» **Data shown**:
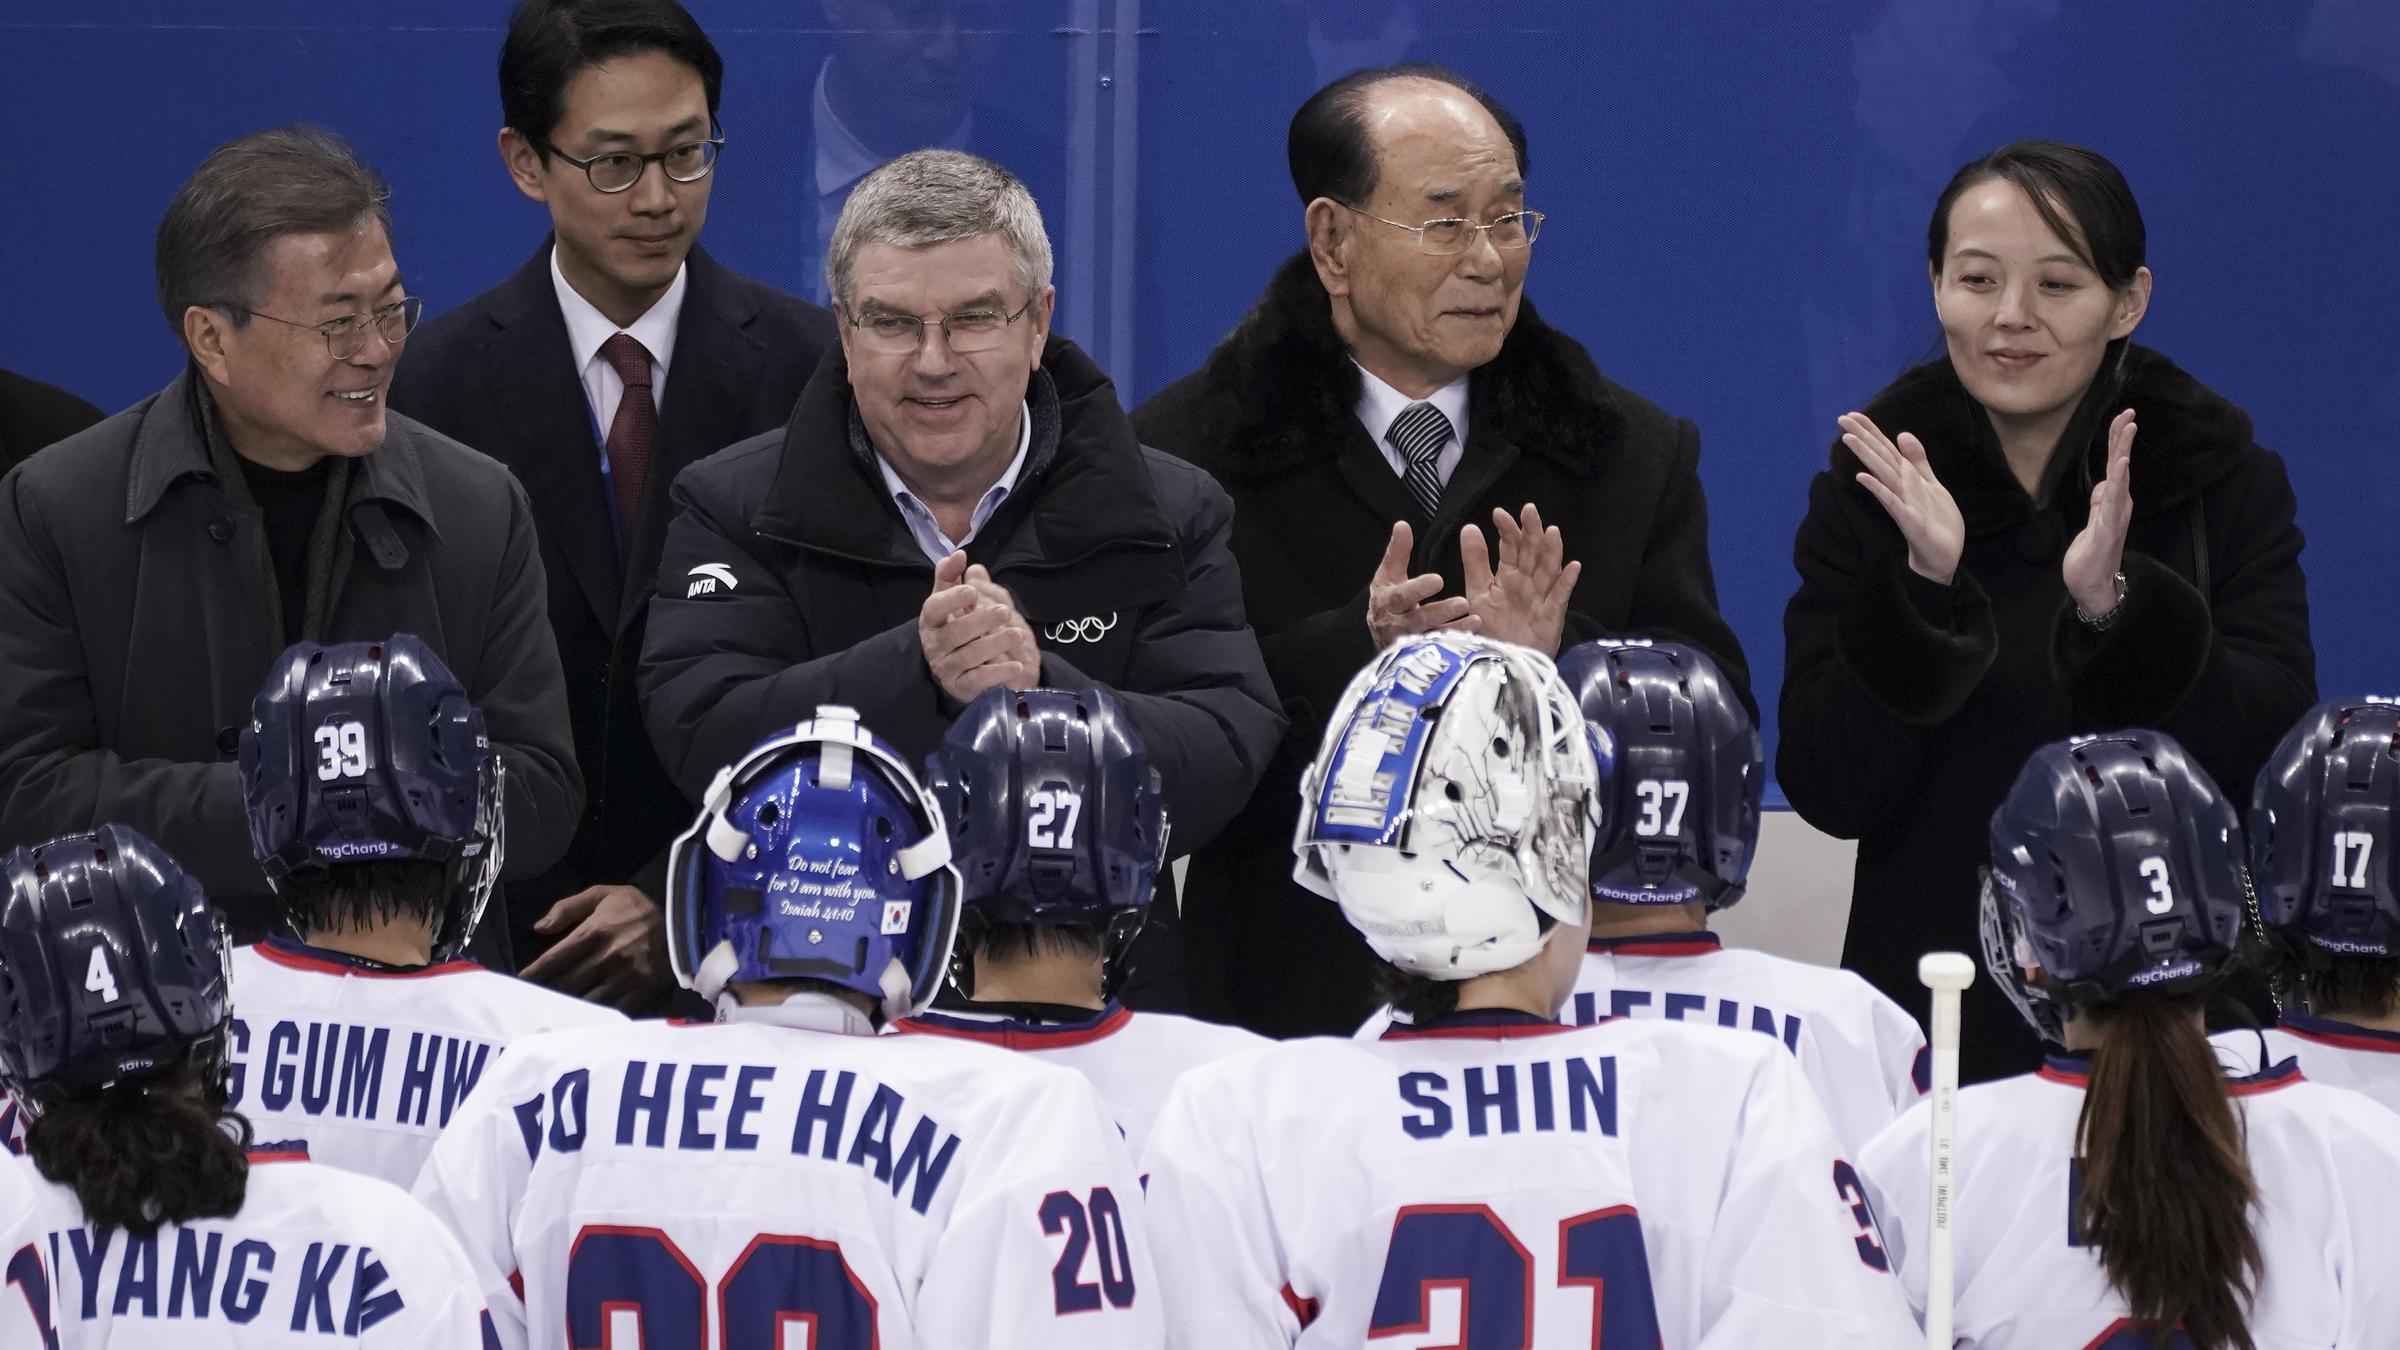 Kim Yo Jong Fascinates And Puzzles In South Korea 905 Wesa
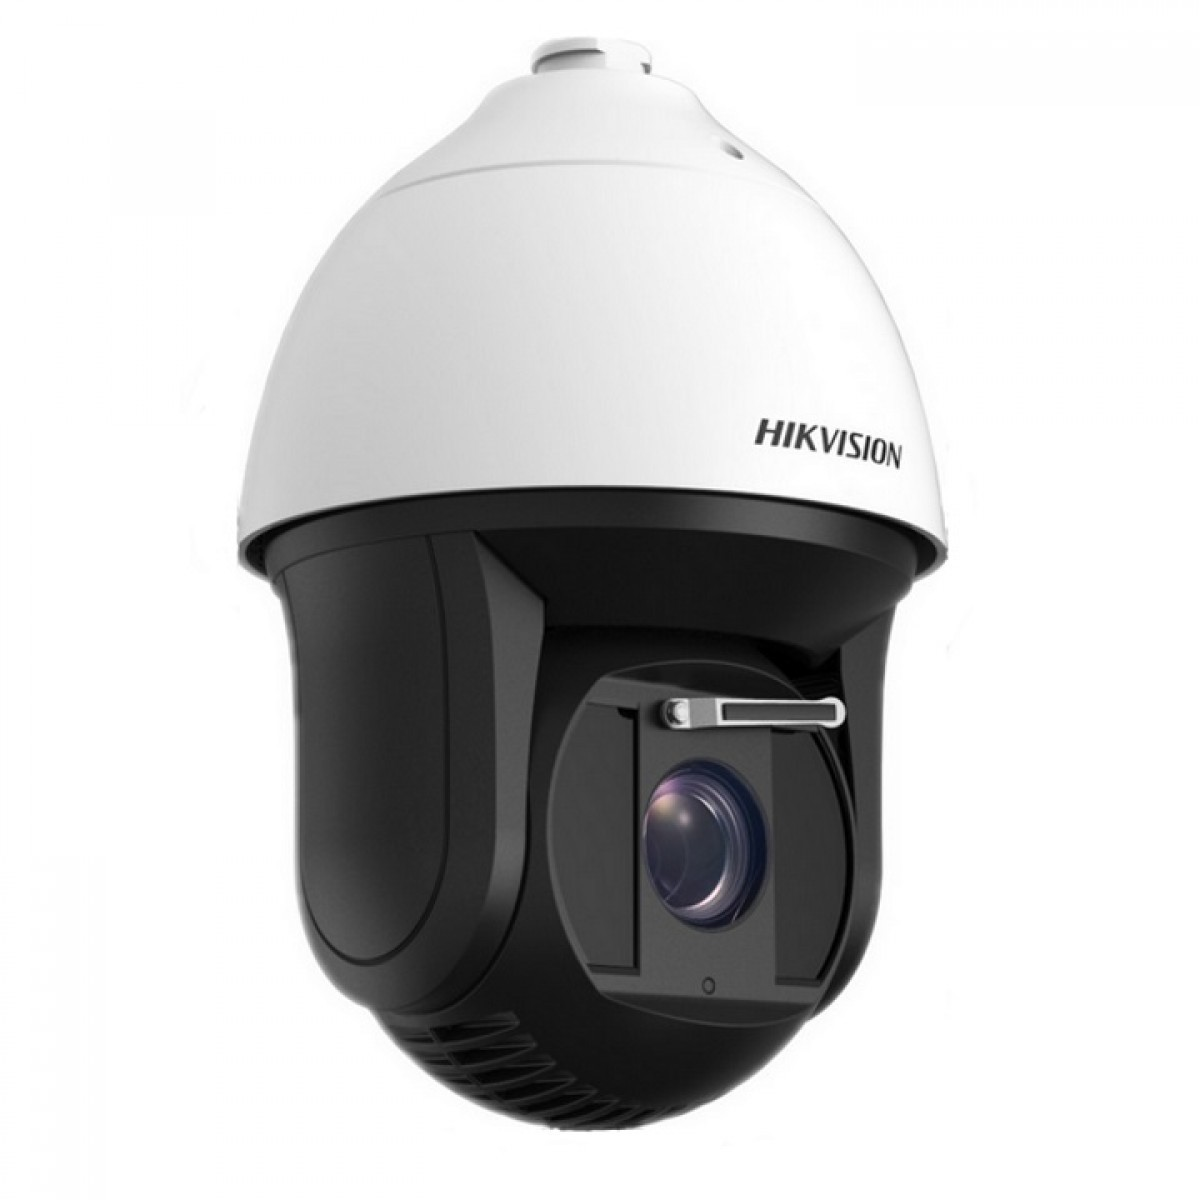 Hikvision DS-2DF8236I-AEL PTZ IP Camera 2MP 36x Zoom Full HD 1080P Smart Autotracking 200M IR Darkfighter IP67 Audio Alarm
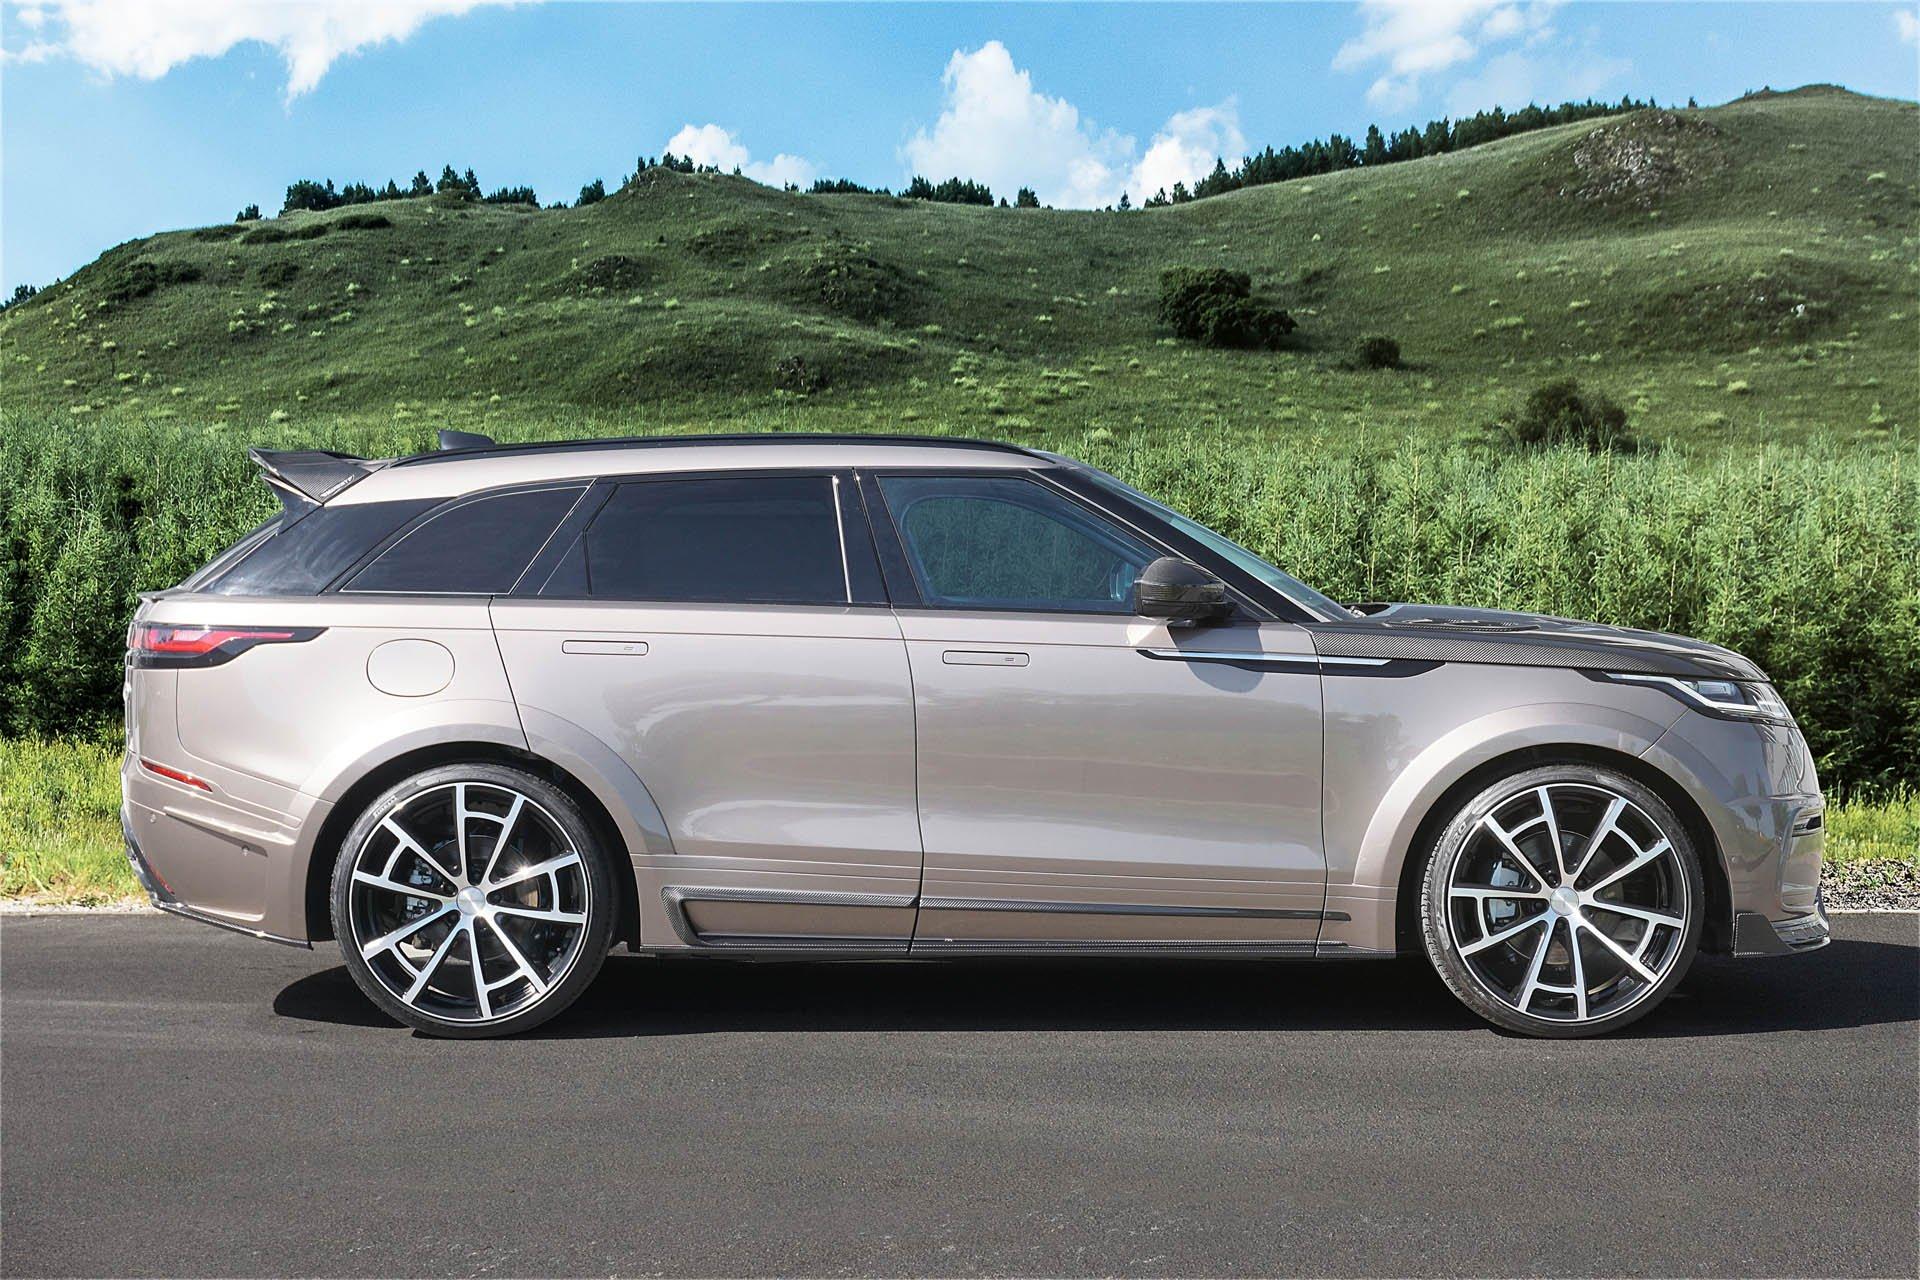 Range Rover Velar by Mansory (3)

» **Task details**: Each of the lines above should be transcribed exactly; no image is to be copied.

» **Solution to the exercise**:
 Kim Yo Jong Fascinates And Puzzles In South Korea 905 Wesa
 Hikvision DS-2DF8236I-AEL PTZ IP Camera 2MP 36x Zoom Full HD 1080P Smart Autotracking 200M IR Darkfighter IP67 Audio Alarm
 Range Rover Velar by Mansory (3)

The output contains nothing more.